THE SPICE OF LIFE

To most cooks, the humble peppercorn is still worth its weight in gold

OF ALL the distinctly flavoured seeds, barks, roots, fruits and leaves that we hoard in our cupboards, pepper is the most widely used. No plant since the apple in Eden has had a larger, more telling effect on human history than the black pepper vine.

Wars have been fought, kingdoms overthrown, unknown oceans braved, and continents discovered, all for the sake of peppercorns. In medieval times a pound of pepper was equal in value to a pound of gold, and good old Attila the Hun was wise enough to demand 300 pounds of pepper when he handed over his ransom note for the City of Rome.

The English in 1783, ever swift to spot a seriously advantageous barter, struck a bargain with the Rajah of Travancore by which the English would supply large quantities of arms and ammunition to his royal highness, in return for his annual harvest of peppercorns. Back in England a wealthy merchant would, instead of boasting about how much his house was worth, instead would flaunt ownership of a substantial cache of peppercorns, huge sacks of the stuff were kept safe and secure in the basement of homes, and were treated in the same way as we value money in the bank.

Today, black peppercorns account for more than 40 per cent of the entire world’s spice trade. The actual pepper fruits are produced by a woody, broad leafed evergreen vine, which is cultivated in the West Indies, India, Indonesia, Malaysia, and South America. Peppercorns are actually the fermented dried, unripe red berries of the plant Piper nigrun. The same fruit when green and unripe, can be dried or preserved in brine or vinegar to make green peppercorns, or when ripe they are dried, and de-husked to make white peppercorns.

Other than the once deeply important use of being an aid to preserving meat days gone by, pepper also had a medicinal role to play, with the monks of the period using the fruits to concoct a digestive stimulant and expectorants for their patients, pepper was also used as a base ingredient in many ointments designed to relieve skin afflictions and the odd nasty rash.

It has also been found to be a pretty effective friend to gardeners acting as it does as a deterrent against insects and deeply unpleasant creepy crawlies from dining on your plants.
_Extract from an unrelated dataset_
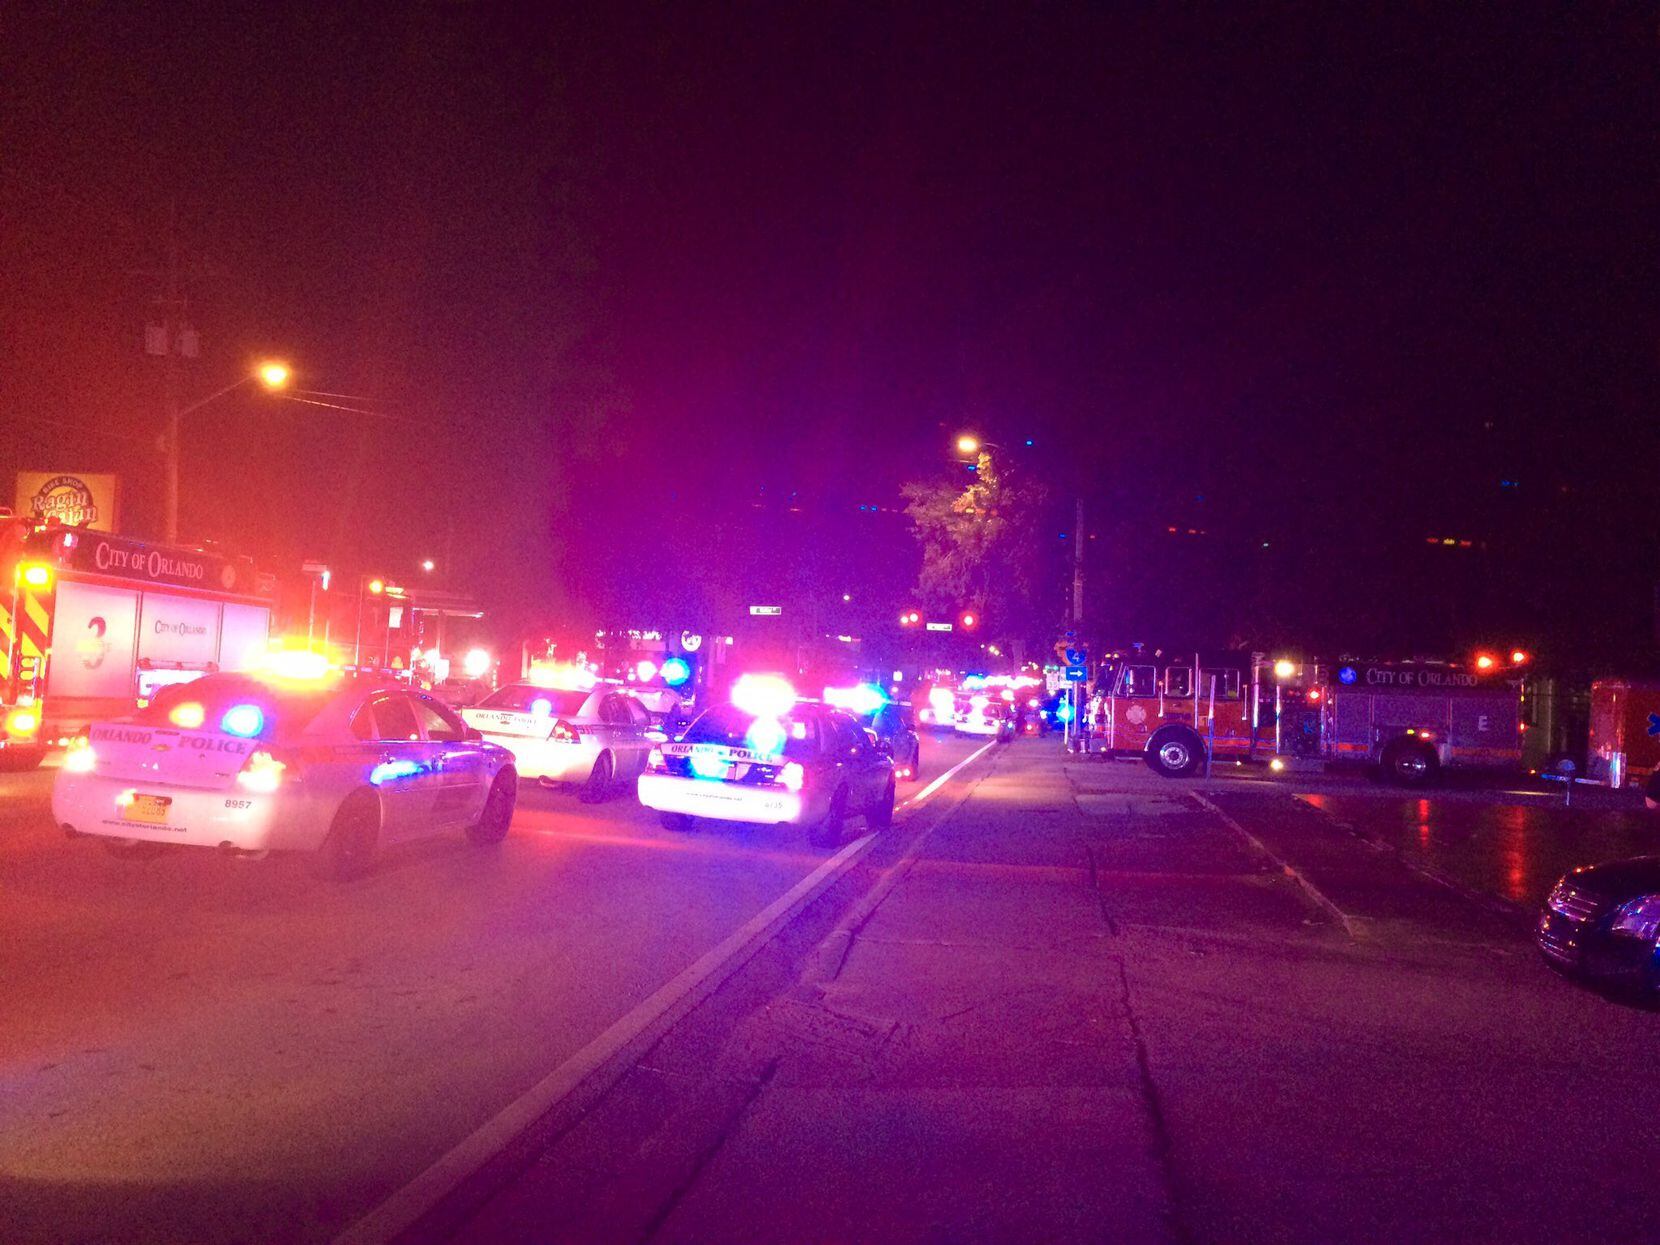  Orlando police swarmed to a gay nightclub after a mass shooting was reported there early...

The ‘magic’ formula in order to deter unwanted visitors from taking up permanent residency in your tomato, cucumber, or rose patch is: take one half teaspoon of freshly ground black pepper and mix this with quarter of a pint of warm water then spray onto the plants. This liquid is toxic to everything including ants, silver fish, moths and roaches, and just to give a bit of double indemnity to your garden, sprinkle ground black pepper onto any ant path and just watch them flee for their lives!

For hundreds of years physicians have advocated black pepper for the relief of chronic toothache. They suggest taking half a teaspoon of black pepper( freshly ground) half a teacup of boiling water, stir, then cover with a lid and simmer on a low heat for seven minutes. Let the mixture ‘steep’ keeping it covered all the time, for about 15 minutes, then strain. Rinse the mouth with small sips, holding the liquid in the mouth for a minute or two then spit it out. Voila!- no toothache, and as a by- product of the treatment your gums are seemingly so stimulated by the effect that they become extra perky and healthy as well (well, in the 12th century it seemed to work).

TALKING about terrific tasting pepper as both a condiment and as an alternative medical aid, the next thing one thinks about is when pepper really comes into its very own as a rich creamy piquant pepper sauce. We have managed to achieve a bit of a culinary coup, in that Christallo Costi has at long last given me her famous pepper sauce recipe. Mind you, she has been making this sauce both in her restaurant in South Africa and for her family and friends for so many years, like all good cooks she has long since forgotten actual measurements, she makes her magic solely by eye, and a goodly dose of experience, so this recipe is not in any way an exact science. Best try it and modify it to your own taste, but the important thing is do try it as its simply delicious – so good, in fact, that family members now request takeaways of the sauce to use not only as a perfect accompaniment for a sirloin steak, but it’s also used as a pasta sauce, or as a pour-over sauce to liven up cauliflower or any other rather bland vegetable dish.

Perky Pepper sauce
ala Christallo

1. Very finely chop a tiny amount (roughly 1tsp each of) onion, carrot, green pepper and red pepper.
2. Add half a chicken stock cube that has been diluted in a cup of hot water, and pour onto the vegetables,
3. Simmer until all water has been evaporated and the vegetables have been cooked.
4. Add 500ml of long life cream bring to the boil (but don’t burn) then simmer for 10-15 minutes.
5. Into a dry frying pan pour the freshly crushed peppercorns, dry fry in order to release their pungent flavour.
6. Pour peppercorns into the vegetable and cream mix, then add salt to taste, and gently heat the sauce again.
If the sauce turns out to be too runny then take one tbsp of flour and one tsp butter then knead these ingredients into a paste
and use a little (stirring constantly) until your sauce is thick enough
You can then pop this excellent thickening agent into the fridge, and use as a thickening agent in soups etc.